Le peuple de Lannion unanime contre un projet ravageur d’extraction de sable

Des milliers de personnes sont attendues ce samedi matin à Lannion, dans les Côtes d‘Armor, pour s’opposer à un projet d’extraction de sable dans la baie. Ils dénoncent les dangers de ce projet sur l’emploi et l’environnement, mais aussi le déni de démocratie.

-  Trébeurden (Côtes d’Armor), reportage

Impossible d’ignorer la manifestation organisée ce samedi 24 janvier, les banderoles foisonnent le long des routes et sur les ronds-points, les vitrines des commerces sont recouvertes d’affiches : une large part de la population se réunit pour se faire entendre, défendre la baie de Lannion, sa biodiversité et son équilibre économique.

A l’heure où la sauvegarde de l’emploi semble être une priorité, Philippe Priser, marin-pêcheur à Trébeurden, dans la baie de Lannion, craint de devoir mettre la clef sous la porte : « Le secteur de la pêche va mal, on a de nombreuses contraintes à respecter, comme la récente réglementation de l’Europe sur les bars, on fait des efforts ; et de l’autre côté, on va accorder une concession à une société privée qui va détruire la baie de Lannion et nos emplois. » Incompréhensible pour ce marin qui connait la baie comme sa poche, car il s’agit de son lieu de travail.

Chaque jour, il va en mer, comme une centaine d’autres pêcheurs, en quête de bars et autres poissons prédateurs.
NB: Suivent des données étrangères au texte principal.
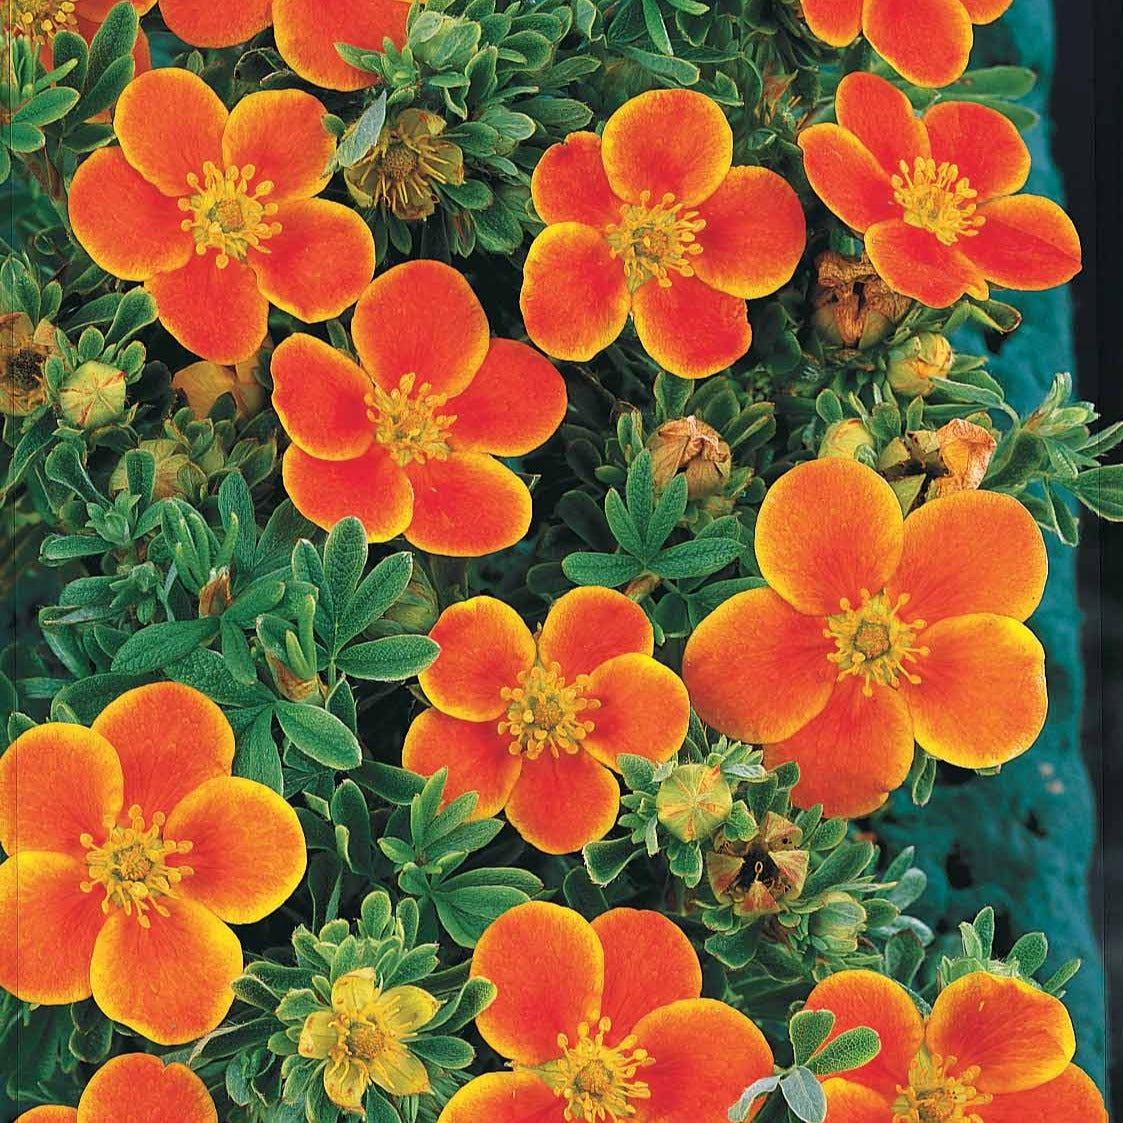 Ganzerik Mix - oranje + geel + wit - 1,5 meter haag (x3) - Potentilla ‘hopley’s’ orange, goldfinger jaune, ‘a - Heesters en vaste planten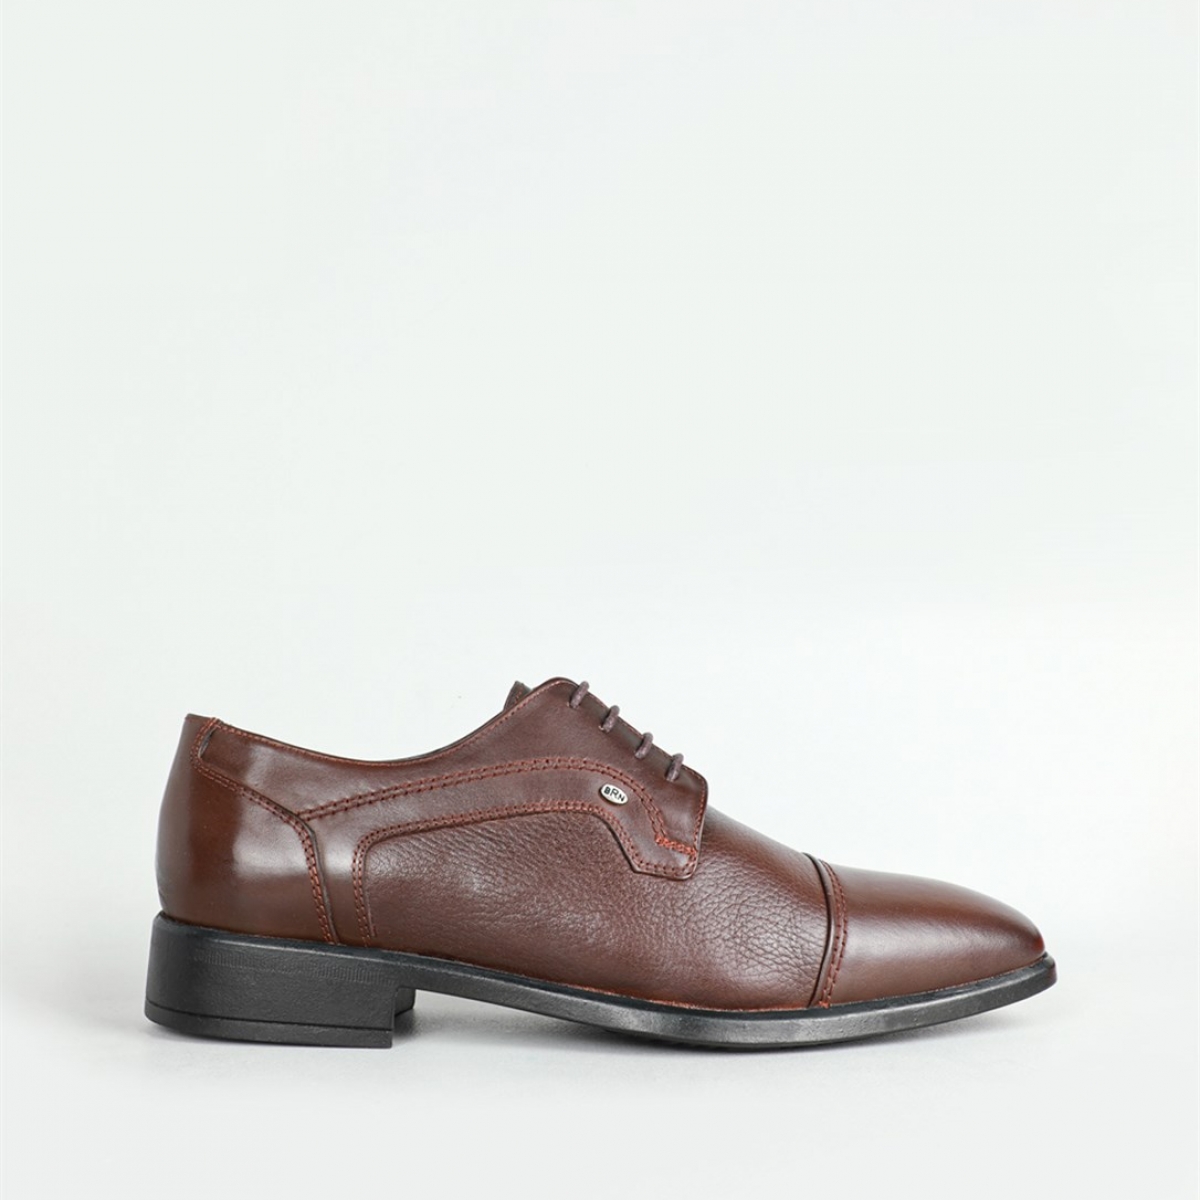 Flo Deri Klasik Kahverengi Erkek Ayakkabı 282. 1

Petit pêcheur côtier, il rentre au port avec cinquante kilos de poissons par jour, dont 80% proviennent de la future zone d’extraction (LIEN carte de la pêche dans la baie. Pour lui, la cohabitation avec une activité d’extraction de sable est impossible. « Je n’ai rien contre les sabliers, mais pas ici, parce qu’ils vont détruire la baie et notre travail. »

Le projet est porté par la Compagnie Armoricaine de Navigation (CAN), filiale du groupe agroalimentaire Roullier. Il vise à extraire 400 000 m3 de sable coquillier pour le vendre aux agriculteurs afin qu’ils puissent amender les terres, optimiser leur teneur en acidité et mieux structurer ces sols.

Les treize communes concernées sont opposées à l’extraction de sable

L’enquête publique a été lancée en 2010, les treize communes impactées ont toutes affirmé leur opposition à cette activité ; le commissaire enquêteur a quant à lui émis un avis favorable sous réserve d’aménagements.

Hier vendredi, à la veille de la manifestation, la CAN a expliqué être prête à revoir sa copie, elle propose de n’extraire que 250 000 m3 par an et de cesser l’exploitation du site de mai à août pour la reproduction des poissons.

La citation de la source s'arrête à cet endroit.